Optimal and Fair Encouragement Policy Evaluation and Learning

  • paper_url: http://arxiv.org/abs/2309.07176
  • repo_url: None
  • paper_authors: Angela Zhou
  • for: 这篇论文主要是研究如何设计优化的治疗方案,以便在不可预知的人们是否遵循治疗建议的情况下,最大化 causal 结果。
  • methods: 这篇论文使用了 causal 标识、统计量化减少、和robust 估计方法,以便在不可预知的人们是否遵循治疗建议的情况下,估计优化的治疗方案。
  • results: 这篇论文的结果表明,在不可预知的人们是否遵循治疗建议的情况下,可以使用 constrained 优化方法来设计优化的治疗方案,以便实现最大化 causal 结果。
    Abstract In consequential domains, it is often impossible to compel individuals to take treatment, so that optimal policy rules are merely suggestions in the presence of human non-adherence to treatment recommendations. In these same domains, there may be heterogeneity both in who responds in taking-up treatment, and heterogeneity in treatment efficacy. While optimal treatment rules can maximize causal outcomes across the population, access parity constraints or other fairness considerations can be relevant in the case of encouragement. For example, in social services, a persistent puzzle is the gap in take-up of beneficial services among those who may benefit from them the most. When in addition the decision-maker has distributional preferences over both access and average outcomes, the optimal decision rule changes. We study causal identification, statistical variance-reduced estimation, and robust estimation of optimal treatment rules, including under potential violations of positivity. We consider fairness constraints such as demographic parity in treatment take-up, and other constraints, via constrained optimization.
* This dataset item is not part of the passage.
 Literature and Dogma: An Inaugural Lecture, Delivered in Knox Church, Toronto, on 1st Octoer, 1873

Our framework can be extended to handle algorithmic recommendations under an often-reasonable covariate-conditional exclusion restriction, using our robustness checks for lack of positivity in the recommendation. We develop a two-stage algorithm for solving over parametrized policy classes under general constraints to obtain variance-sensitive regret bounds. We illustrate the methods in two case studies based on data from randomized encouragement to enroll in insurance and from pretrial supervised release with electronic monitoring.
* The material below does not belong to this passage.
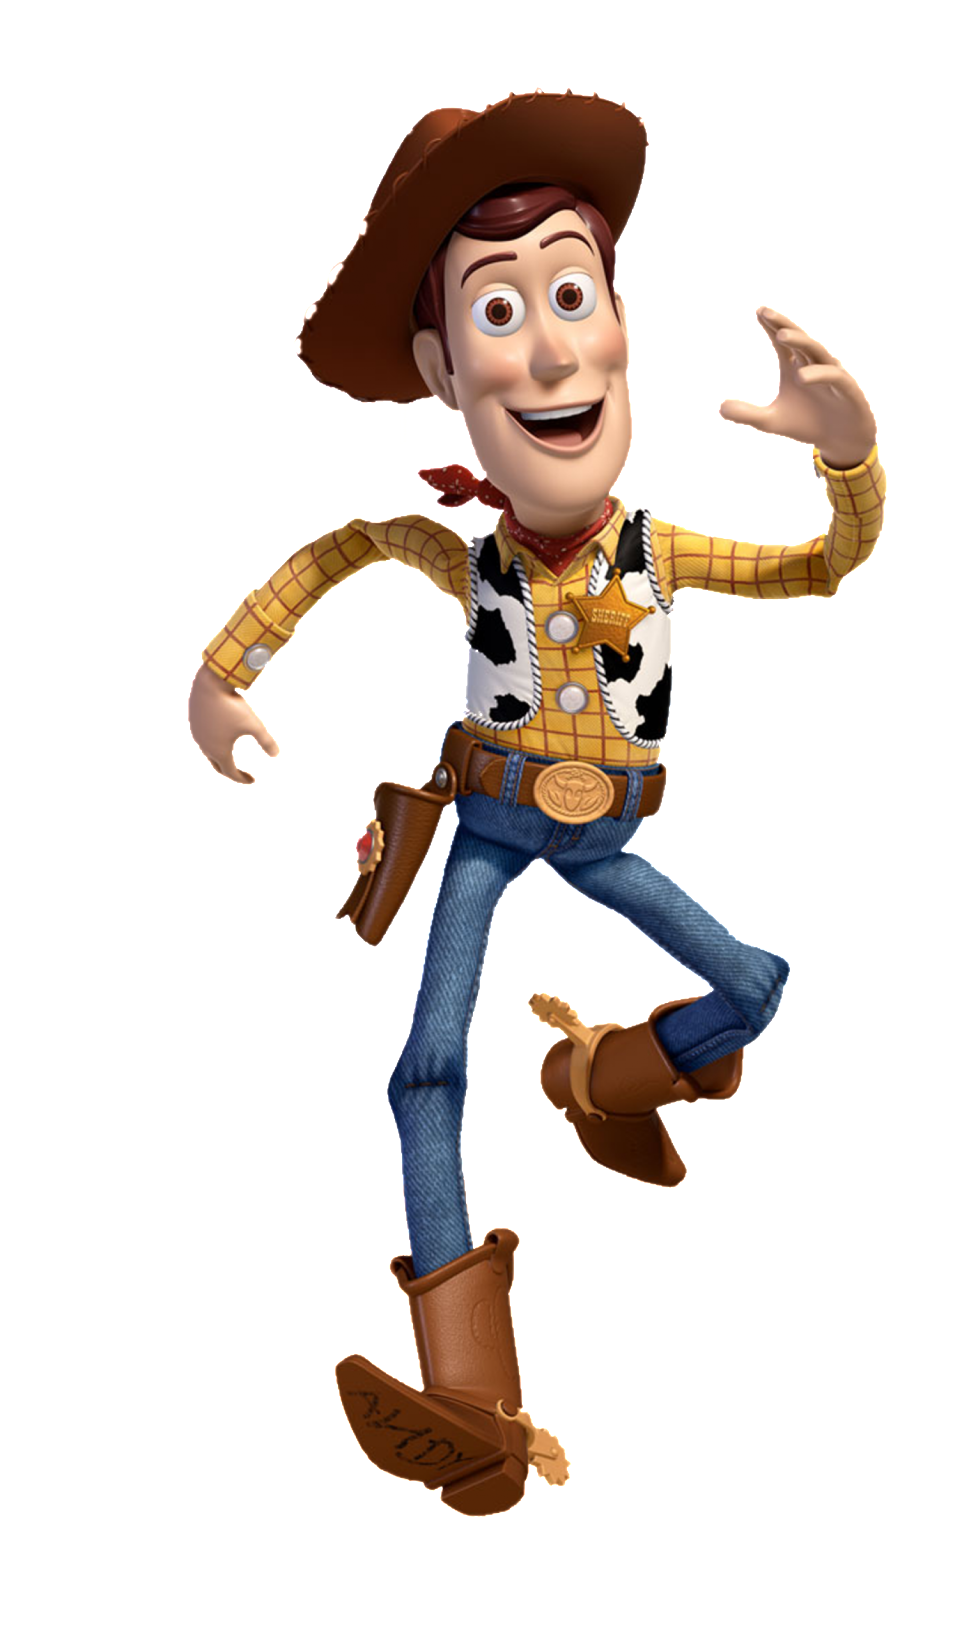 Woody From Toy Story (962x1632)

    摘要 在重要领域中,常常无法强制个人接受治疗,因此优化的政策规则仅仅是建议在人类不遵循治疗建议的情况下。在这些同时,可能存在人群响应不同,以及治疗效果的差异。优化的治疗规则可以最大化人口级别的 causal 结果,但是访问平等约束或其他公平考虑可能在鼓励中发挥作用。例如,在社会服务中,一个持续的谜题是养成很好的服务的投入率不均匀分布。当决策者有访问和平均结果的分布预期时,优化的决策规则会改变。我们研究 causal 验证、统计减少的估计和robust estimation of 优化的治疗规则,包括在可能的非正式性下进行验证。我们考虑公平约束,如人群响应不同和其他约束,通过受限优化来实现。我们的框架可以扩展到处理算法建议在conditionally reasonable covariate-conditional exclusion restriction下进行验证,使用我们的robustness检查来检测非正式性。我们开发了一种两个参数的算法,用于在总体约束下解决参数化政策类型的问题,以获得变量敏感的 regret bound。我们在两个案例研究中应用了这些方法,基于随机鼓励保险和预 trial supervised release with electronic monitoring。
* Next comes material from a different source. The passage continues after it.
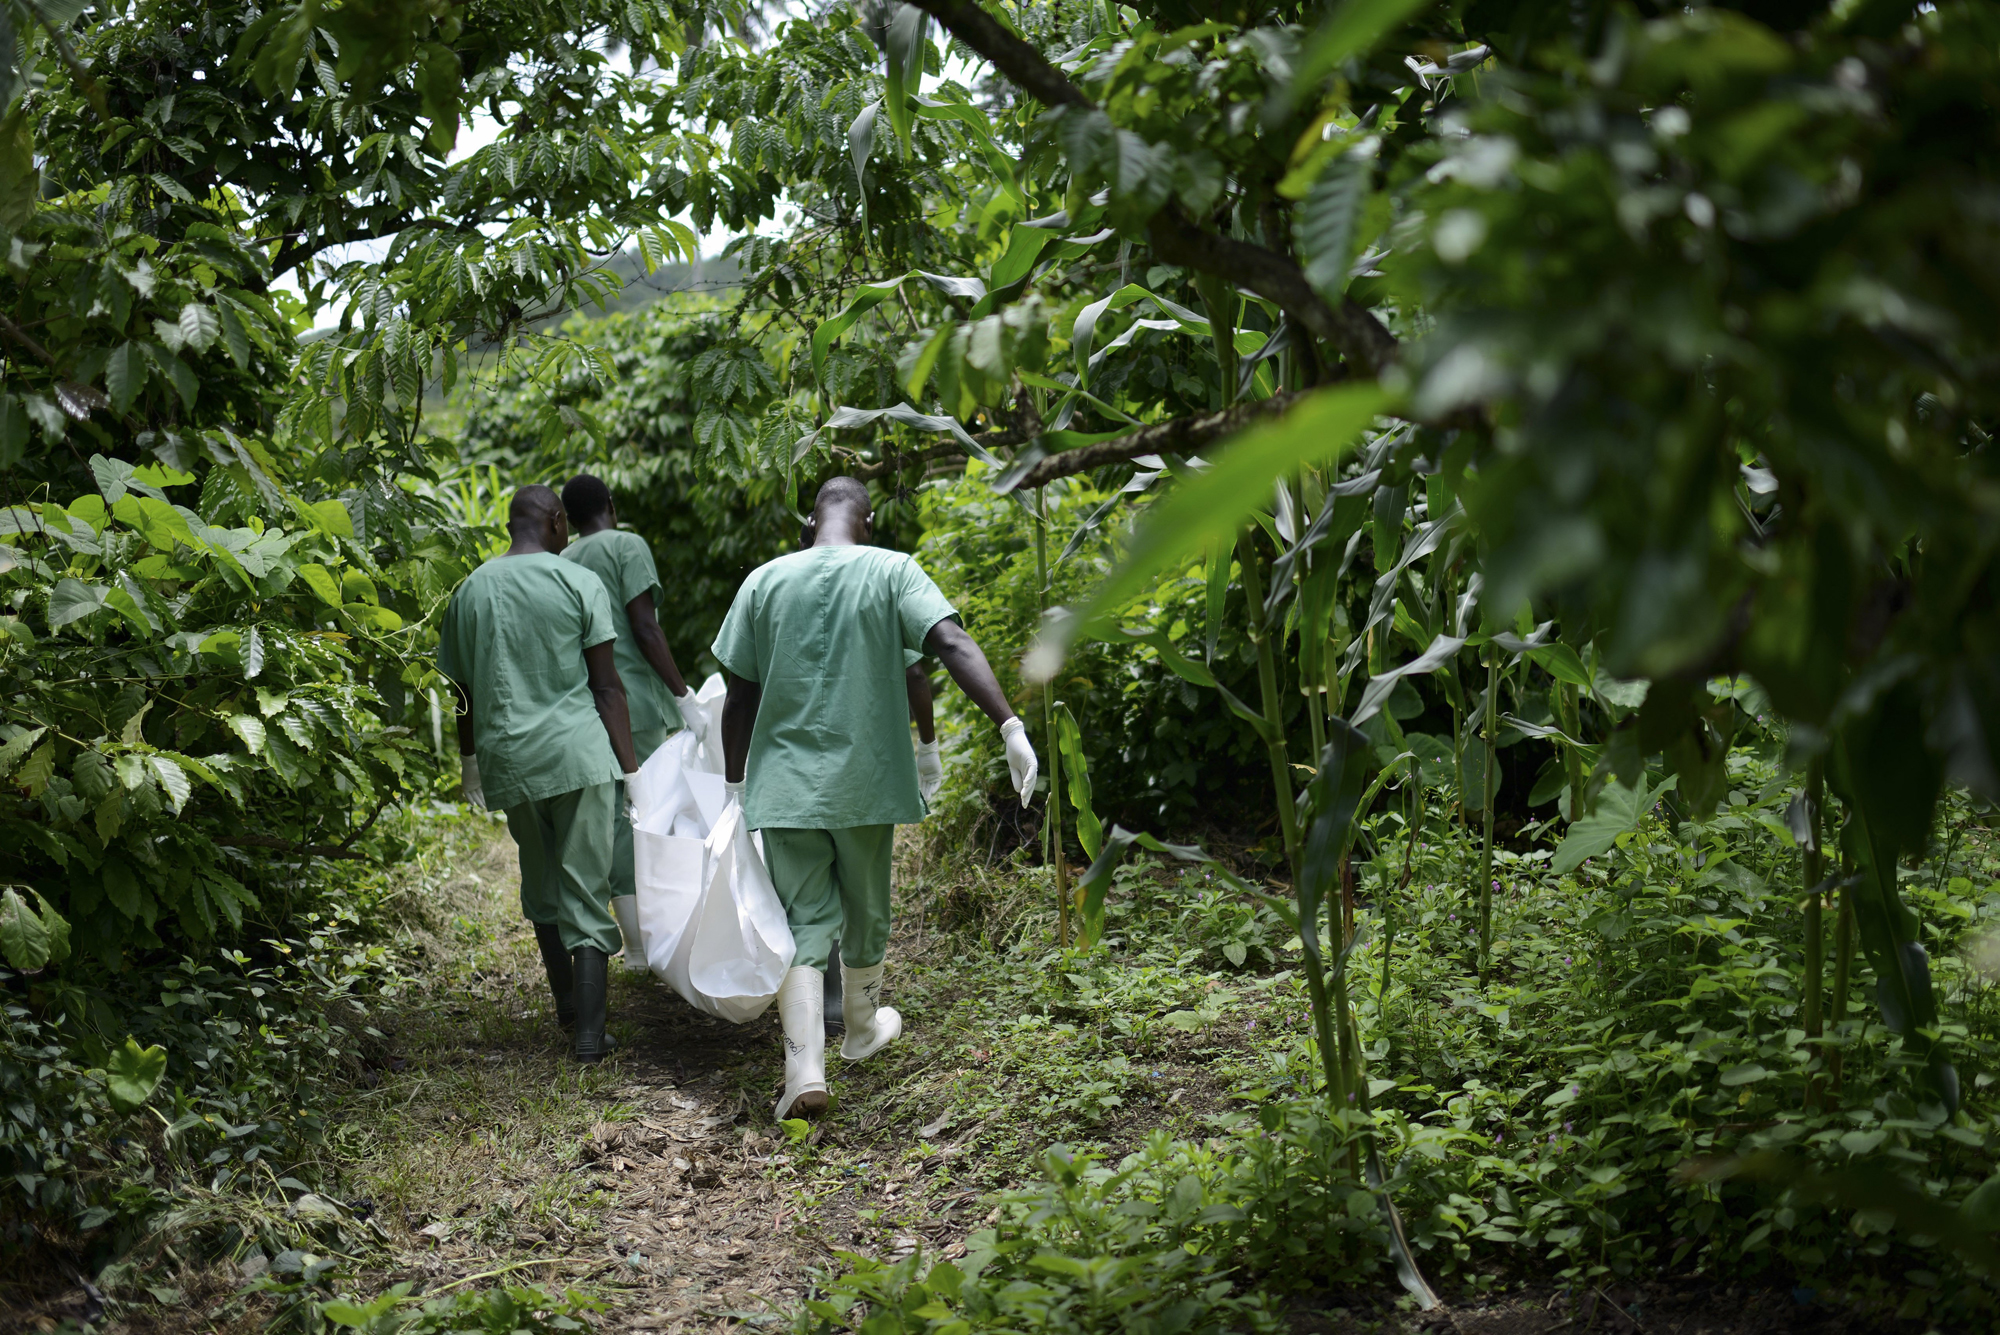 Red Cross workers carry the body of Marie Conde, 14, who died of Ebola, through the bush in Koundony, Guinea.

Convergence of Gradient-based MAML in LQR

  • paper_url: http://arxiv.org/abs/2309.06588
  • repo_url: None
  • paper_authors: Negin Musavi, Geir E. Dullerud
  • for: investigate the local convergence characteristics of Model-agnostic Meta-learning (MAML) in linear system quadratic optimal control (LQR)
  • methods: uses MAML and its variations, with theoretical guarantees provided for the local convergence of the algorithm
  • results: presents simple numerical results to demonstrate the convergence properties of MAML in LQR tasksHere’s the format you requested:
  • for: <what are the paper written for?>
  • methods: <what methods the paper use?>
  • results: <what results the paper get?>I hope that helps!
    Abstract The main objective of this research paper is to investigate the local convergence characteristics of Model-agnostic Meta-learning (MAML) when applied to linear system quadratic optimal control (LQR). MAML and its variations have become popular techniques for quickly adapting to new tasks by leveraging previous learning knowledge in areas like regression, classification, and reinforcement learning. However, its theoretical guarantees remain unknown due to non-convexity and its structure, making it even more challenging to ensure stability in the dynamic system setting. This study focuses on exploring MAML in the LQR setting, providing its local convergence guarantees while maintaining the stability of the dynamical system. The paper also presents simple numerical results to demonstrate the convergence properties of MAML in LQR tasks.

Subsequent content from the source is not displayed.